Data:

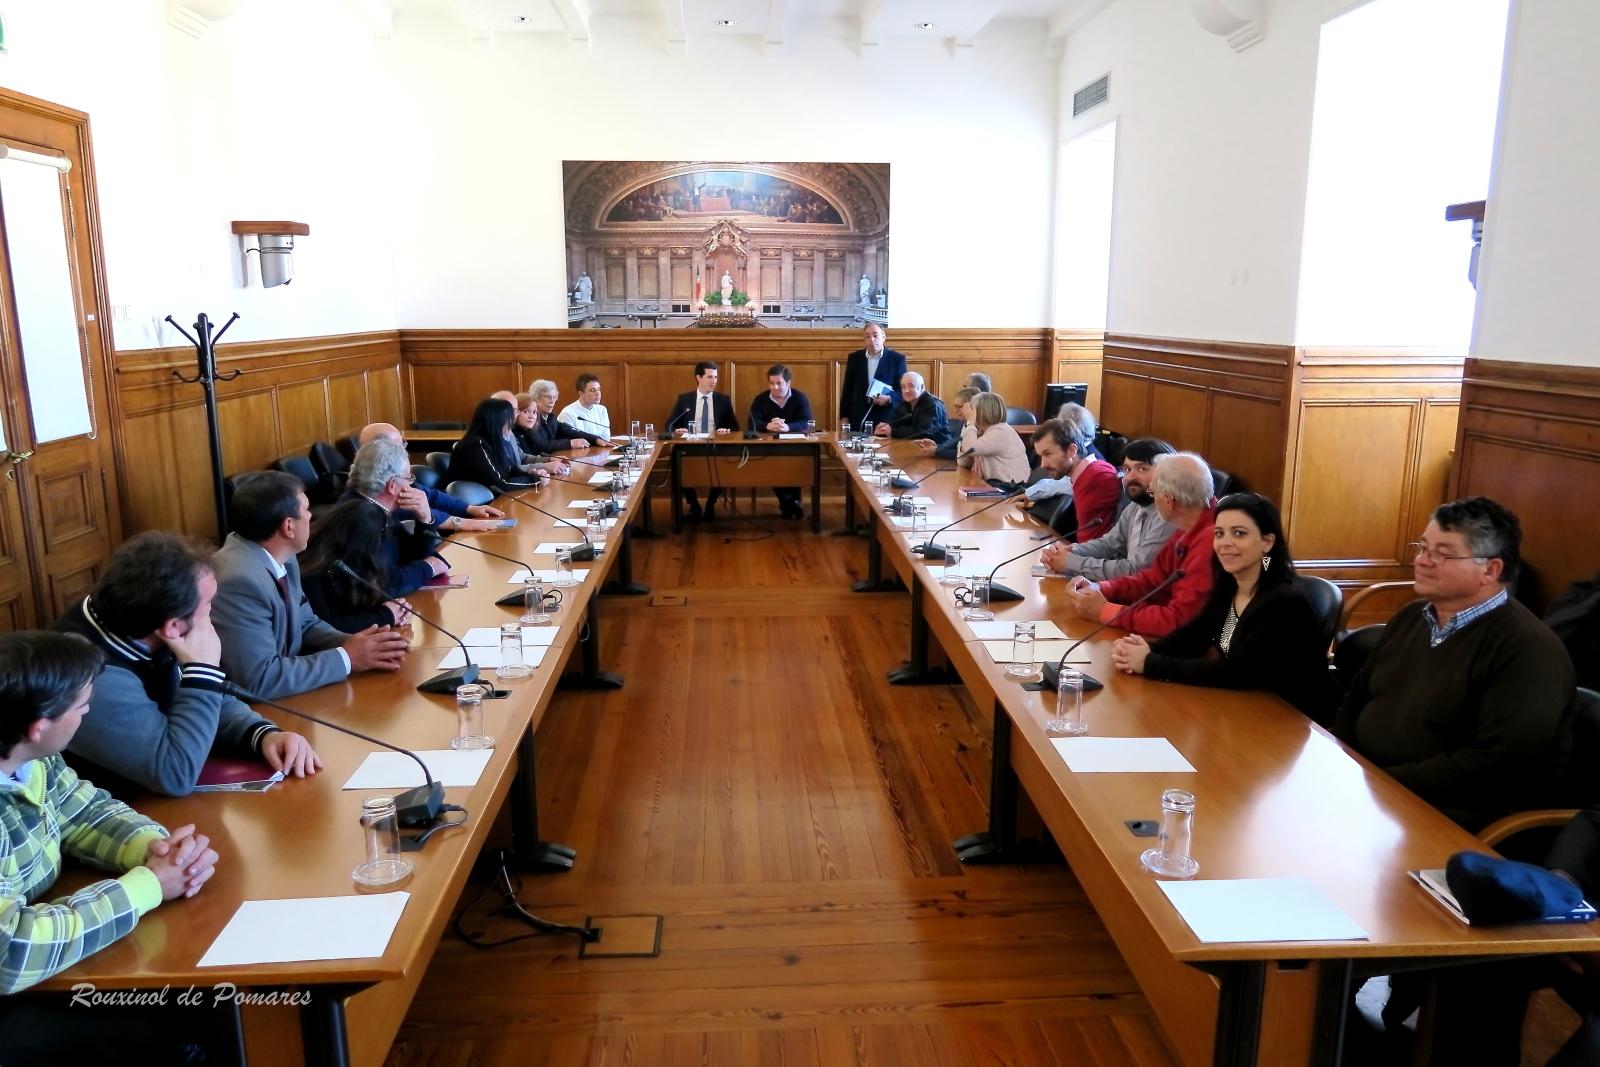 Visita à Assembleia da Rérpublica (0026)
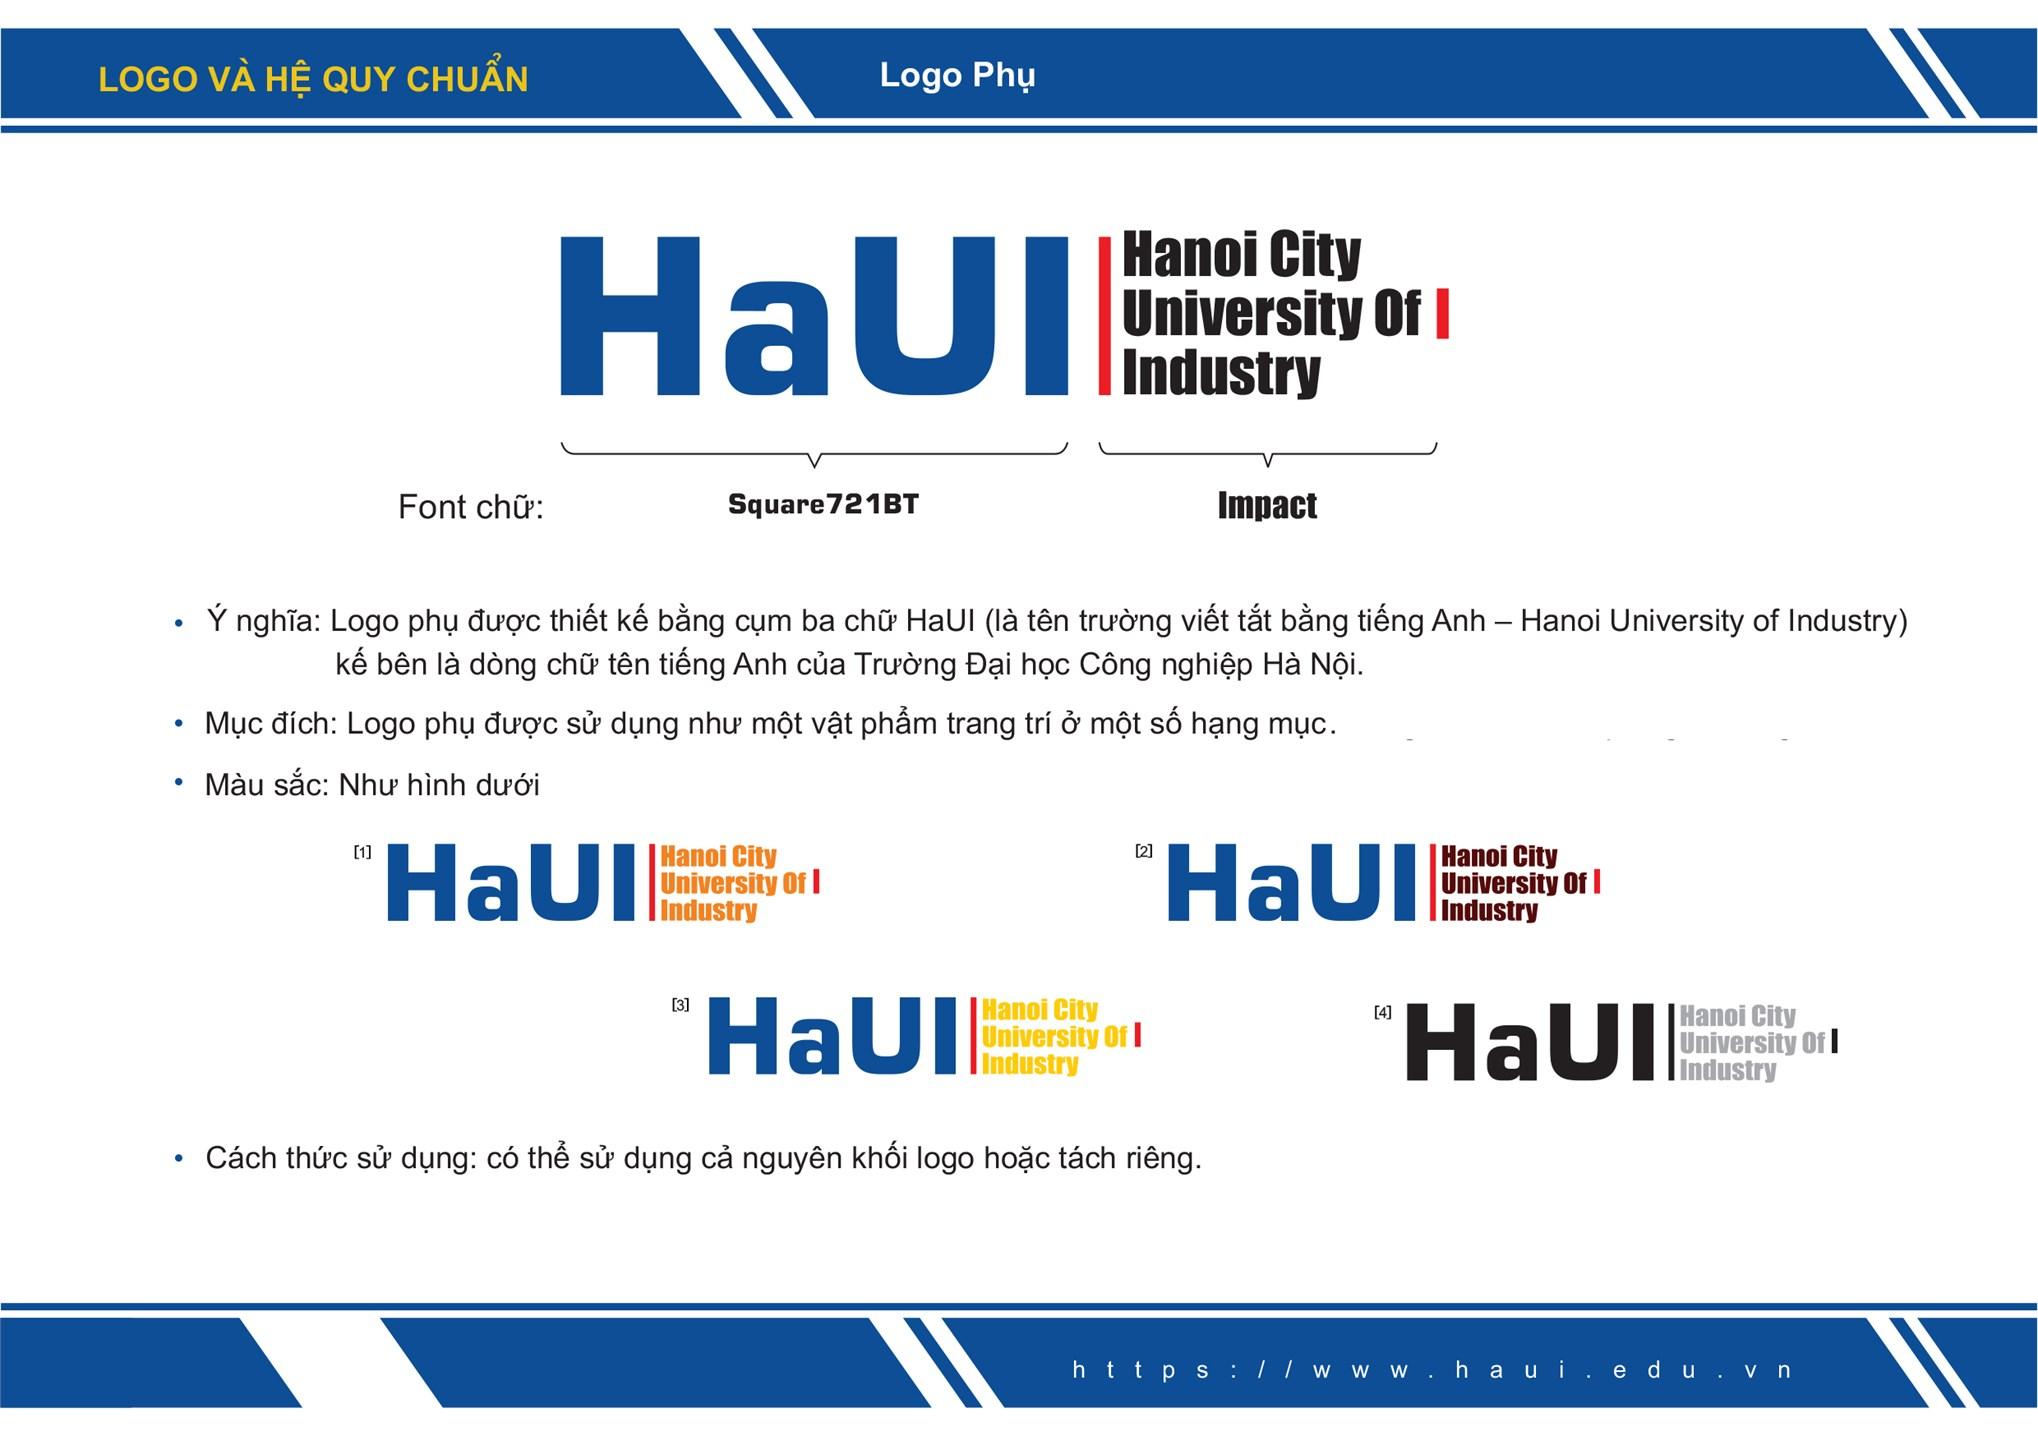 Nhận diện thương hiệu Logo HaUI
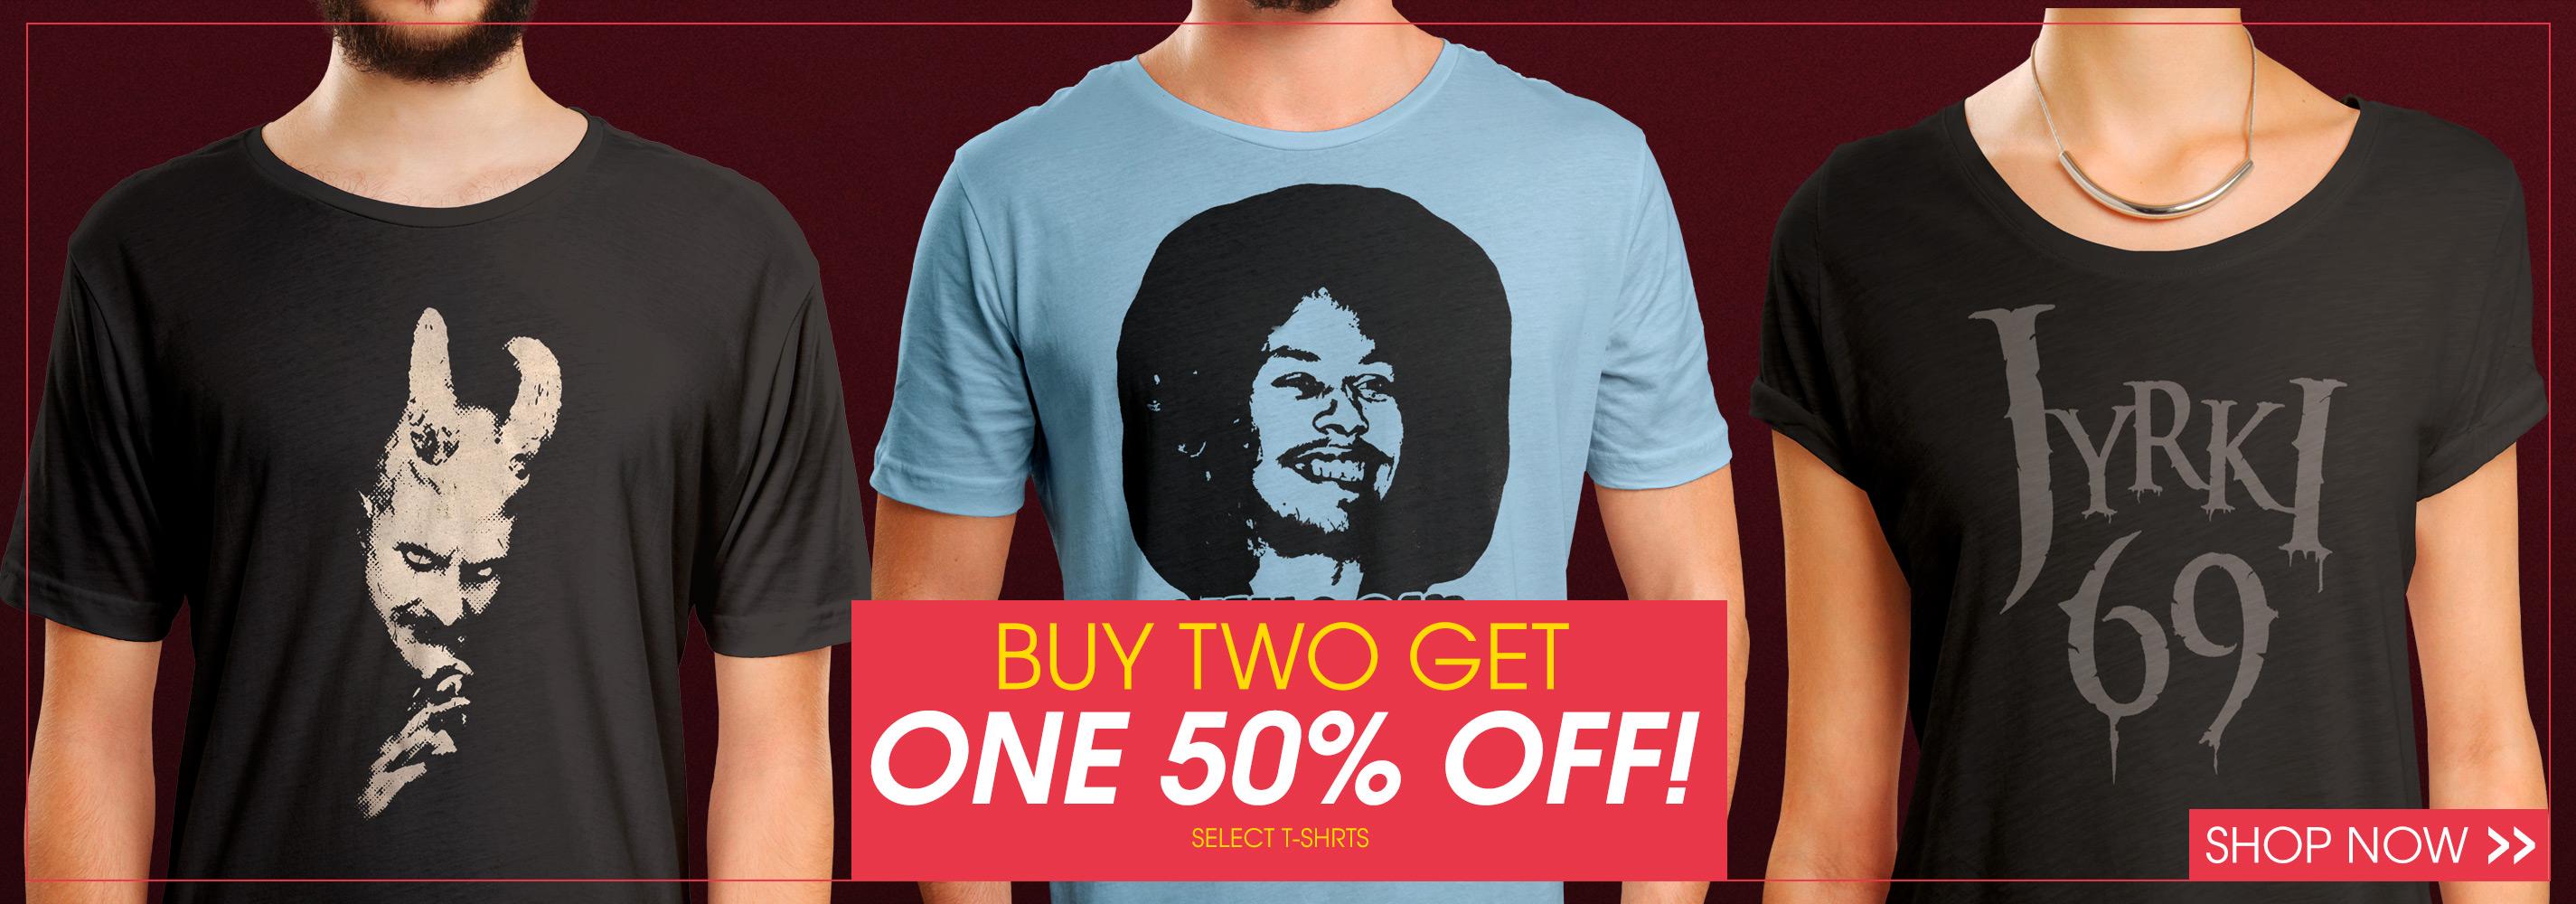 Cleopatra Shirts

The task: Your answer must be an exact copy of the lines from the one with "Nhận diện thương hiệu Logo HaUI" through the final line of the data, both included, without any pictures.

Your solution:
 Nhận diện thương hiệu Logo HaUI
 Cleopatra Shirts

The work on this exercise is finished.